Now we've effectively got 1 more constant to go.
First Derivative
Remember back when we discovered that when crossing a surface charge, the electric field and potential jump? That was section 2.3.5. Let me write down that equation for you:
- <math>{\partial V_{\text{out}} \over \partial n} - {\partial V_{\text{in}} \over \partial n} = - {1 \over \epsilon_0} \sigma</math>
Here, normal to the sphere is r, so we'll be taking the partial derivative with respect to r.

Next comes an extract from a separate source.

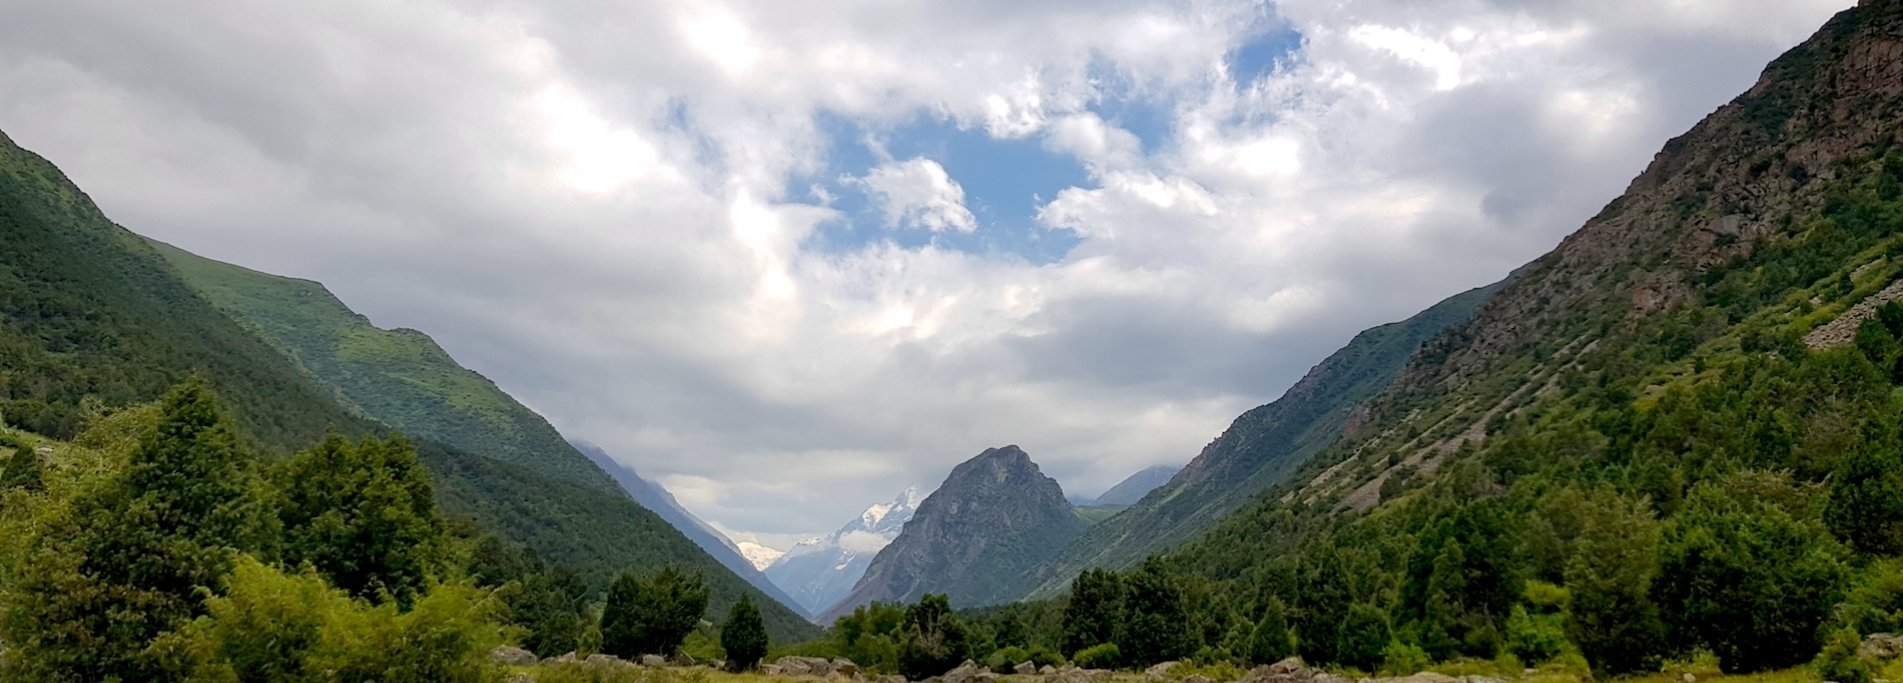 Excursion to Alamedin gorge - Nordic Walking in Kyrgyzstan

Well, depending on the theta, at R, we will find this:
- <math>
\begin{align} {\partial V_{\text{out}} \over \partial r}
&- {\partial V_{\text{in}} \over \partial r} &&= - {1 \over \epsilon_0} \sigma_0(\theta) \\
{\partial \over \partial r} \sum_{l=0}^\infty {A_l R^{2l+1} \over r^{l+1}}P_l(\cos \theta)

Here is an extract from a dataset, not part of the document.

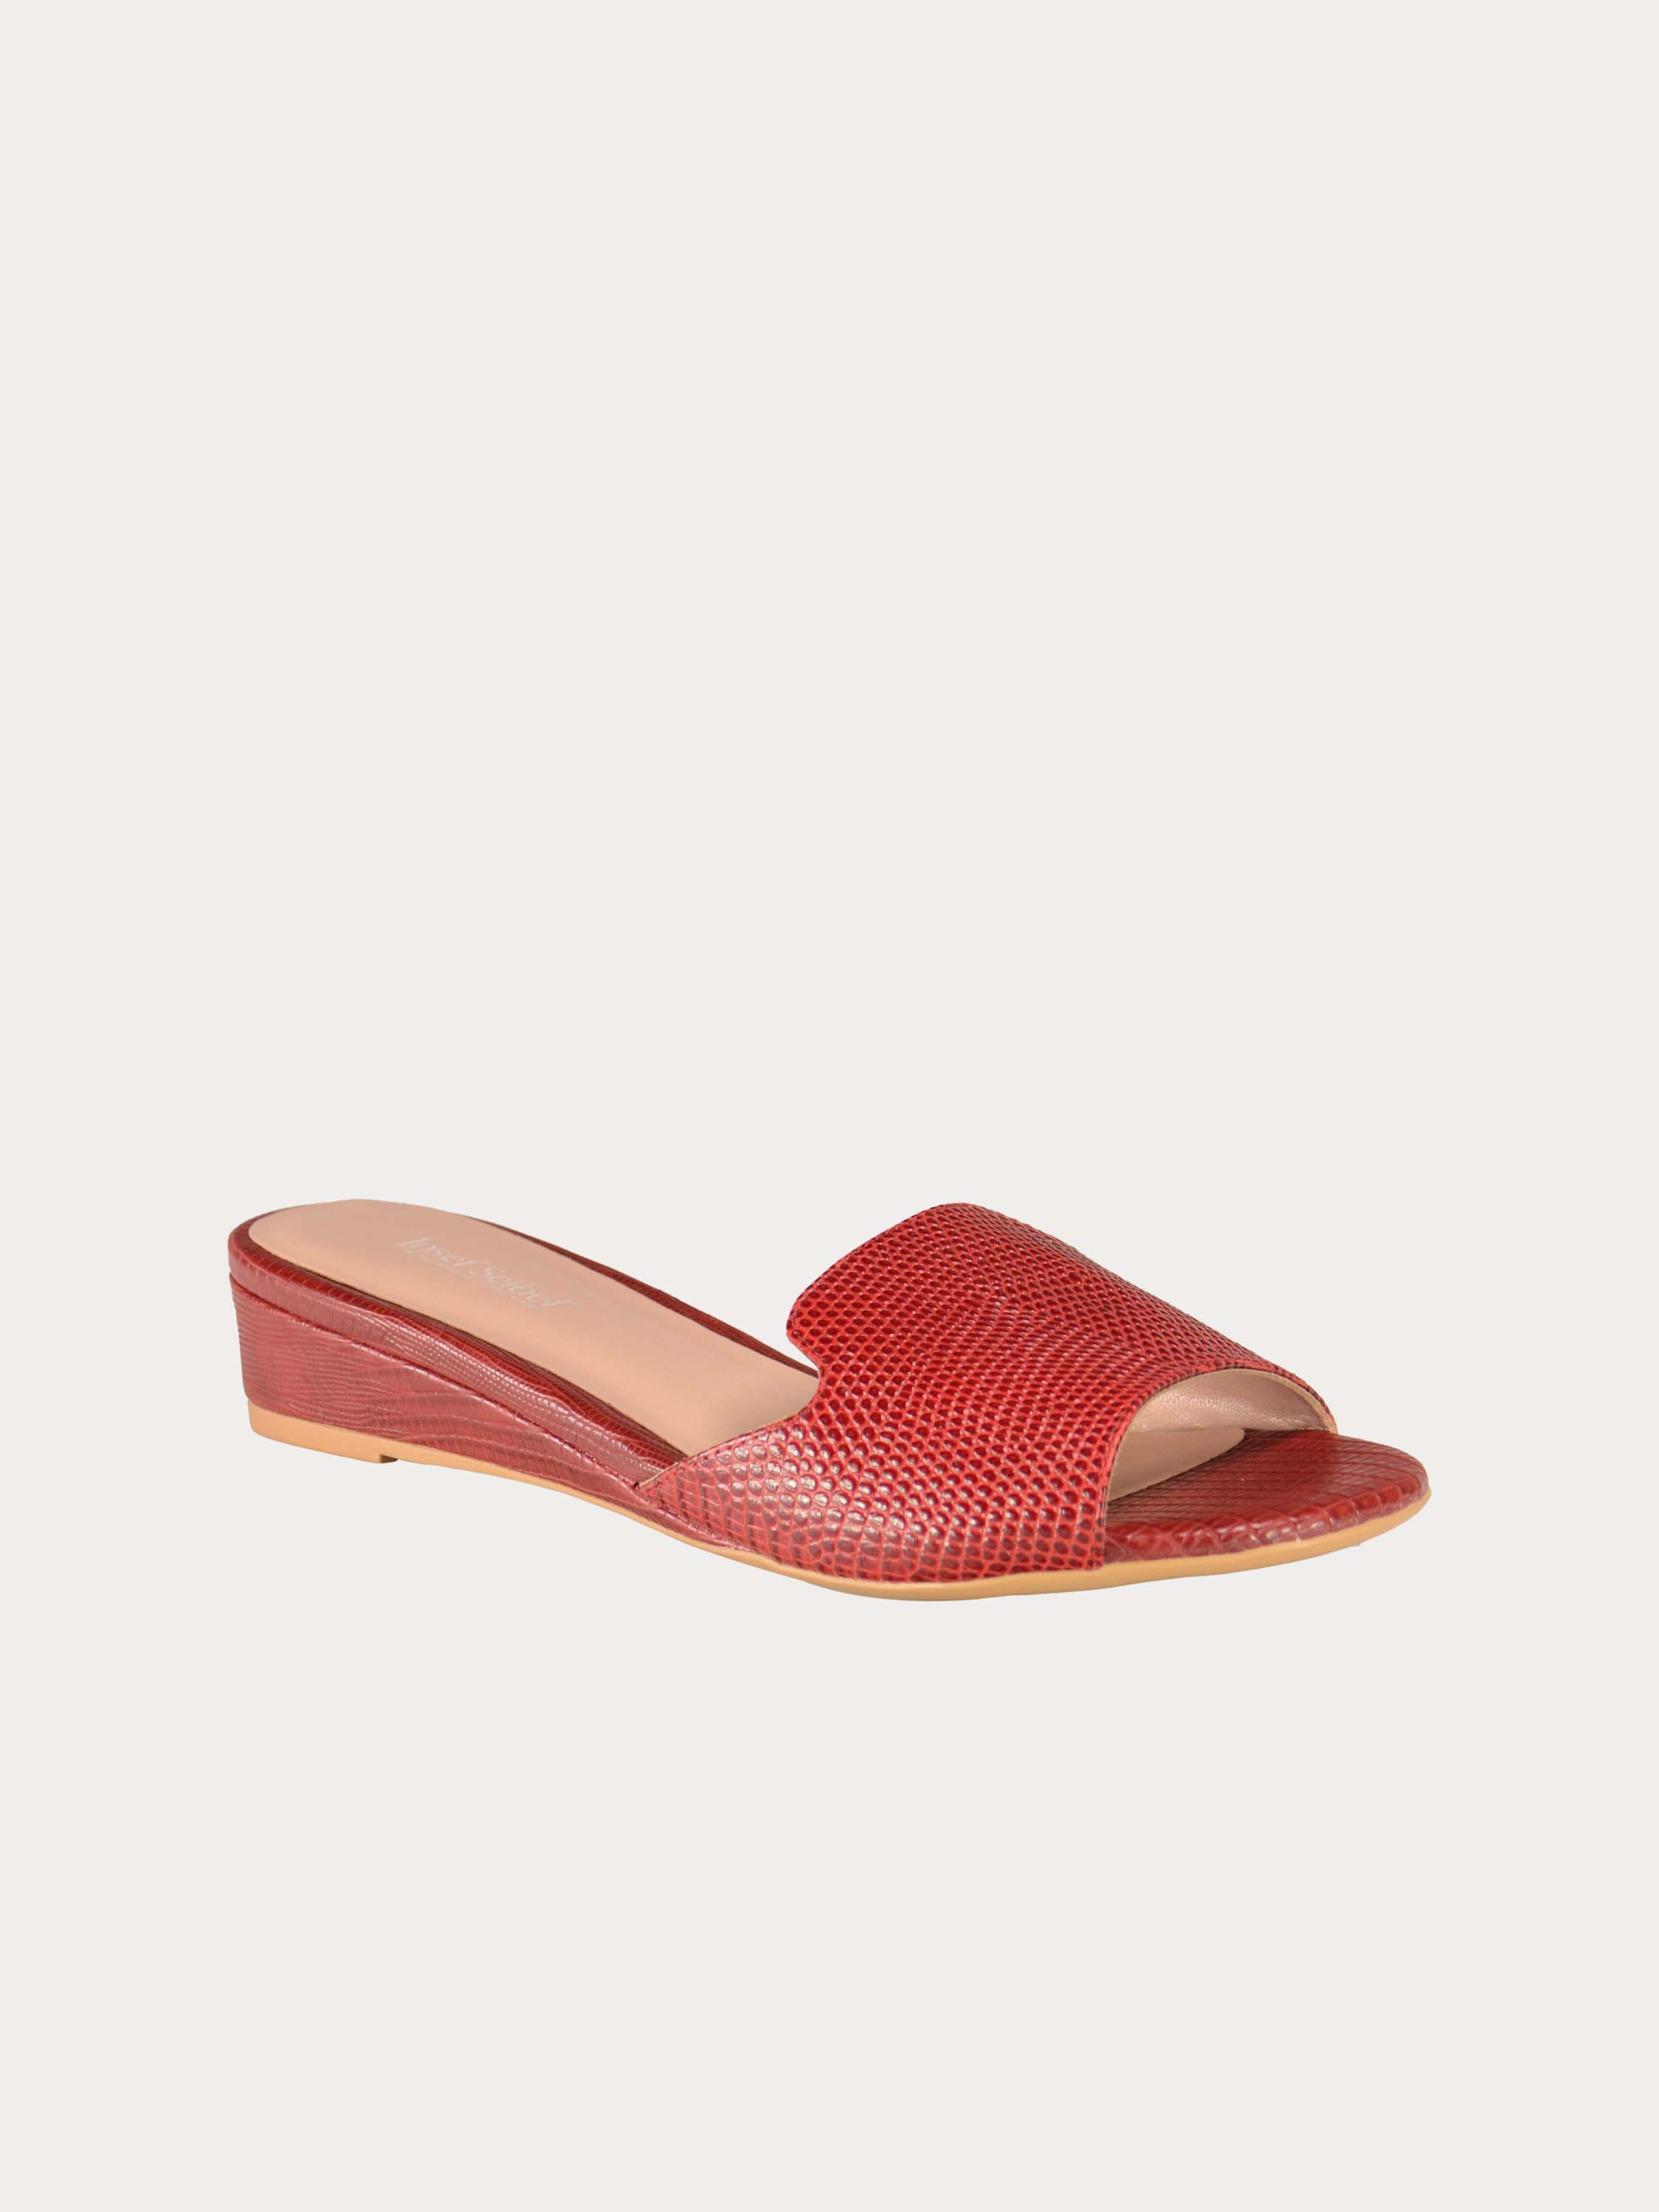 Josef Seibel Women's Micro Sandals #color_Red

&- {\partial \over \partial r} \sum_{l=0}^\infty A_l r^l P_l(\cos \theta) &&= - {1 \over \epsilon_0} \sigma_0(\theta) \\
\sum_{l=0}^\infty A_l R^{2l+1} {\partial \over \partial r} r^{-l-1} P_l(\cos \theta)
&- \sum_{l=0}^\infty A_l {\partial \over \partial r} r^l P_l(\cos \theta) &&= - {1 \over \epsilon_0} \sigma_0(\theta) \\
\sum_{l=0}^\infty A_l R^{2l+1} ((-l-1) r^{-l-2}) P_l(\cos \theta)
&- \sum_{l=0}^\infty A_l (l r^{l-1}) P_l(\cos \theta) &&= - {1 \over \epsilon_0} \sigma_0(\theta) \\
\sum_{l=0}^\infty A_l R^{2l+1} (l+1) r^{-l-2} P_l(\cos \theta)
&+ \sum_{l=0}^\infty A_l l r^{l-1} P_l(\cos \theta) &&= {1 \over \epsilon_0} \sigma_0(\theta) \\
\sum_{l=0}^\infty ( A_l R^{2l+1} (l+1) r^{-l-2}
&+ A_l l r^{l-1} )P_l(\cos \theta) &&= {1 \over \epsilon_0} \sigma_0(\theta) \\
\sum_{l=0}^\infty A_l( (l+1) R^{2l+1} R^{-l-2}
&+ l R^{l-1} )P_l(\cos \theta) &&= {1 \over \epsilon_0} \sigma_0(\theta) \\
\sum_{l=0}^\infty A_l( (l+1) R^{l-1}
&+ l R^{l-1} )P_l(\cos \theta) &&= {1 \over \epsilon_0} \sigma_0(\theta) \\
\sum_{l=0}^\infty A_l R^{l-1} ( (l+1)
&+ l )P_l(\cos \theta) &&= {1 \over \epsilon_0} \sigma_0(\theta) \\
\sum_{l=0}^\infty (2l + 1) A_l & R^{l-1} P_l(\cos \theta)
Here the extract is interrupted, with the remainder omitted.